Хотя сегодня никто не сомневается в решающем воздействии человеческой деятельности на экосферу, все еще не решен вопрос о том, когда эта деятельность обрела такой характер. Одни авторы датируют его первыми ядерными испытаниями, которые породили постоянный и легко обнаруживаемый слой радиоактивности по всему миру. Другие предлагают начать отсчет антропоцена с промышленной революции и массового использования ископаемого топлива. Третьи отсчитывают его с того момента, когда промышленная революция обрела инструменты для радикального изменения ландшафта, – например, динамит, бульдозеры и железобетон (особенно для строительства плотин). Из трех приведенных вариантов лишь промышленная революция произошла относительно давно (два столетия назад), а два других все еще живы в нашей памяти. По меркам двухсоттысячелетней истории человеческого рода, антропоцен начался несколько минут назад.

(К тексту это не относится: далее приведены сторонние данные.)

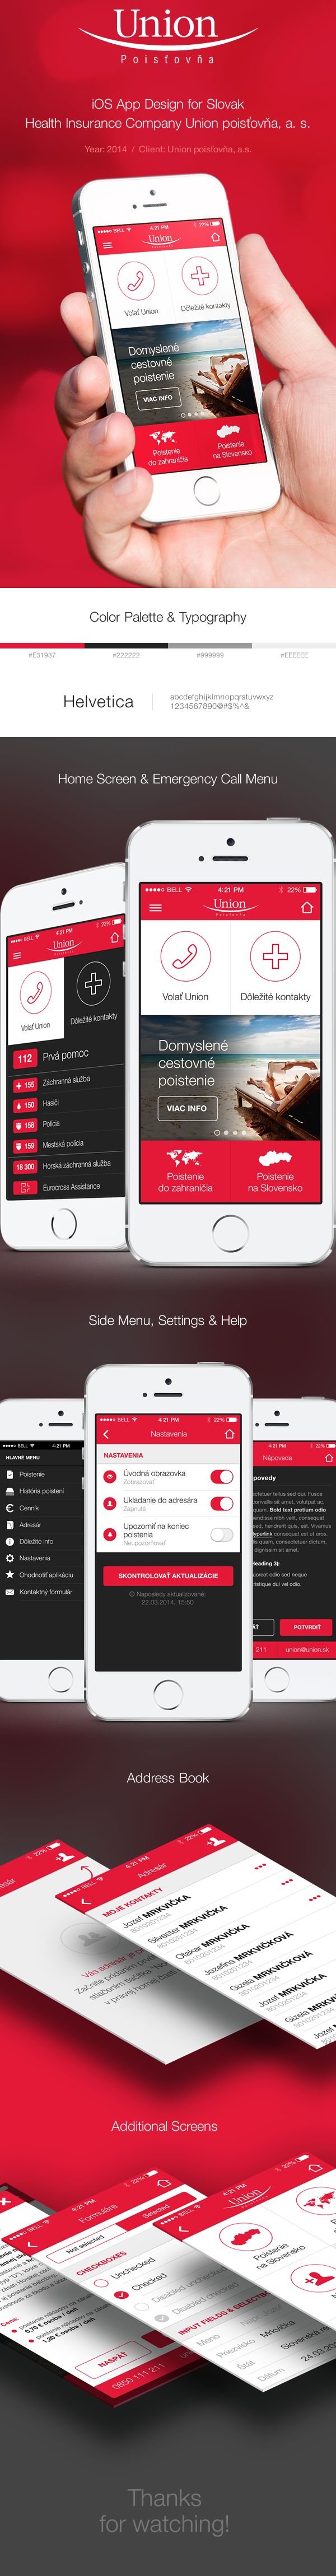 mobile union ios app red flat ios7 iphone insurance

Я предлагаю иную точку отсчета – намного более удаленную в истории. Признавая трактовку антропоцена как резкого качественно-количественного изменения нашего воздействия на экологию, я датирую его начало использованием огня – первого великого инструмента гоминидов для преобразования ландшафта – или даже строительством жилищ. Первые свидетельства использования огня относятся к периоду 400 тысяч лет назад и, возможно, даже намного раньше, задолго до появления Homo sapiens[7]. Постоянные жилища, земледелие и скотоводство появились примерно 12 тысяч лет назад, обозначив следующий скачок в преобразовании природного ландшафта. Если нас интересует исторический след гоминидов, то можно выделить «тонкий» антропоцен, случившийся задолго до недавнего и более бурного «плотного» антропоцена: «тонкость» первого антропоцена объясняется, прежде всего, малым числом гоминидов, использовавших инструменты изменения ландшафта. Наша общемировая численность в X тысячелетии до н. э. составляла ничтожные 2 или 4 миллиона – намного меньше тысячной доли нынешнего населения планеты. Другое решающее досовременное изобретение человечества носило институциональный характер: государство. Первые государства на аллювиальных равнинах Месопотамии возникли не ранее чем 6 тысяч лет назад – через несколько тысячелетий после появления первых форм земледелия и оседлого образа жизни в регионе. Никакой иной институт, помимо государства, не затратил столько же усилий на мобилизацию технологий изменения ландшафта в собственных интересах.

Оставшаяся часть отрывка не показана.